When I think about the public application of ashes, I have to stretch and strain against the powerful prescriptions to be private, prescriptions which are made more complex by the deepening middle-class commitments to privacy and to the supreme value of personal freedom. The prophet Joel is a compelling guide in such a Lenten exercise. He elicits from us a corporate confession of sin, asking us if we have ever had to confront ourselves because of the desolation of our community. "Has such a thing [as a plague of locusts wrought by God] happened in your days, or in the days of your ancestors?"

He goes on to prescribe nothing less than a corporate ritual of anguish and repentance as the path toward hope in God at such a time. Nothing less than sackcloth and ashes, nothing less than fasting and prayer. Joel’s prophesy takes seriously the relationship between individual misconduct and the fiber of community. The leaders, the priests and the ministers must lament. The elders must be gathered, and then all the inhabitants of the land. I too believe there is a connection between the sinfulness of individuals and the erosion of whole communities. I too must acknowledge that whole communities and not only individuals need to express their remorse and hope.
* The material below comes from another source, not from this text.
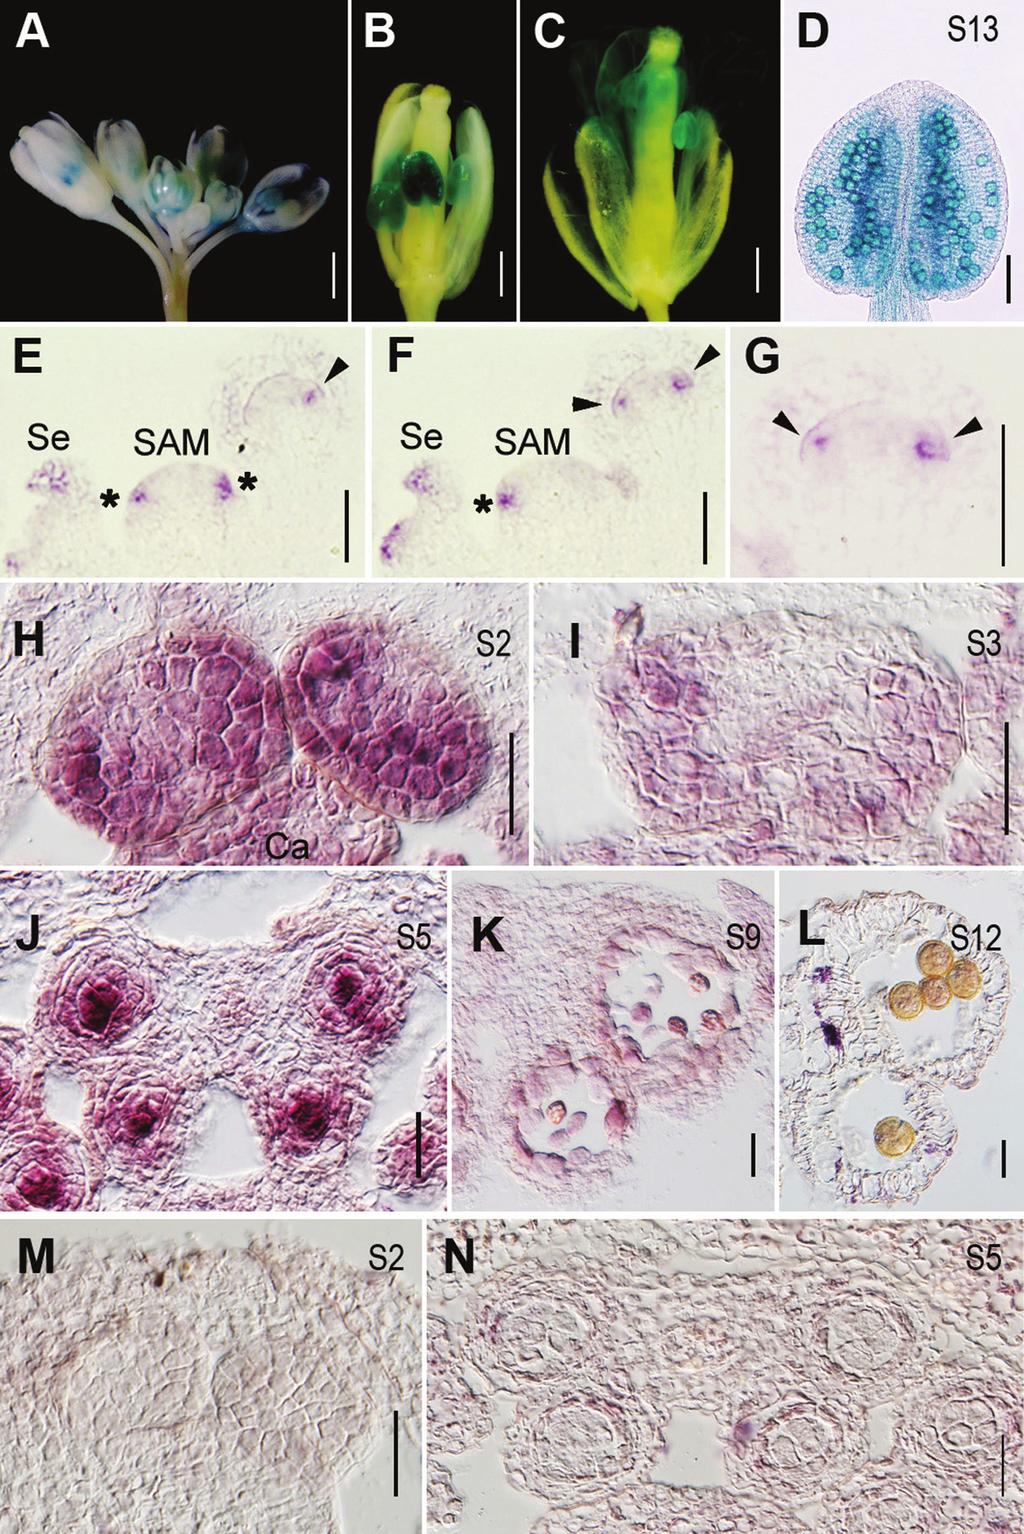 3404 Lian et al. Fig. 5. Temporal and spatial expression of HYL1. (A D) GUS staining of HYL1 in phyl1::gus transgenic plants. (A) Flower buds showing HYL1 expression in anthers.

I can only imagine what happens when the ashes of last year’s palm branches are streaked across one’s forehead in a corporate service of penitence and prayer. I imagine that for each person the service is a reminder of the preceding year’s palms, now turned to ash. Perhaps one is finally gripped by a humbling sense of what it means to be human -- what it means to be limited by one’s own perceptions, what it means to be caught up in one’s own time frame and experiences, what it means to live with ambiguity and humility because our vantage point is not God’s. We have an awkward intelligence about the people who made Jesus’ entry into Jerusalem so triumphant. Days later they were the crowd who called for his execution, who jeered him, who watched him die. Yet it was for their sake that he came, and for our sake now. Perhaps when we embrace the ashes we confess that we too are the crowd who know not what we do. We confess that our awkward intelligence is really knowledge of ourselves.

The readings for Ash Wednesday leave us with conflicting admonitions: to put on sackcloth and ashes, and to wash our faces and comb our hair. They remind us how essential it is that entire communities repent with one voice, and how dangerous it is when individual voices forfeit repentance with public acts of immodest remorse. What I love most in Joel is his articulation of the promise which those who are penitent receive. Joel, who saw in an army of locusts a reflection of the judgment of God, also saw healing: "Yet even now, says the Lord, return to me with all your heart, with fasting, with weeping, and with mourning. . . I will return to you the years which the swarming locust has eaten."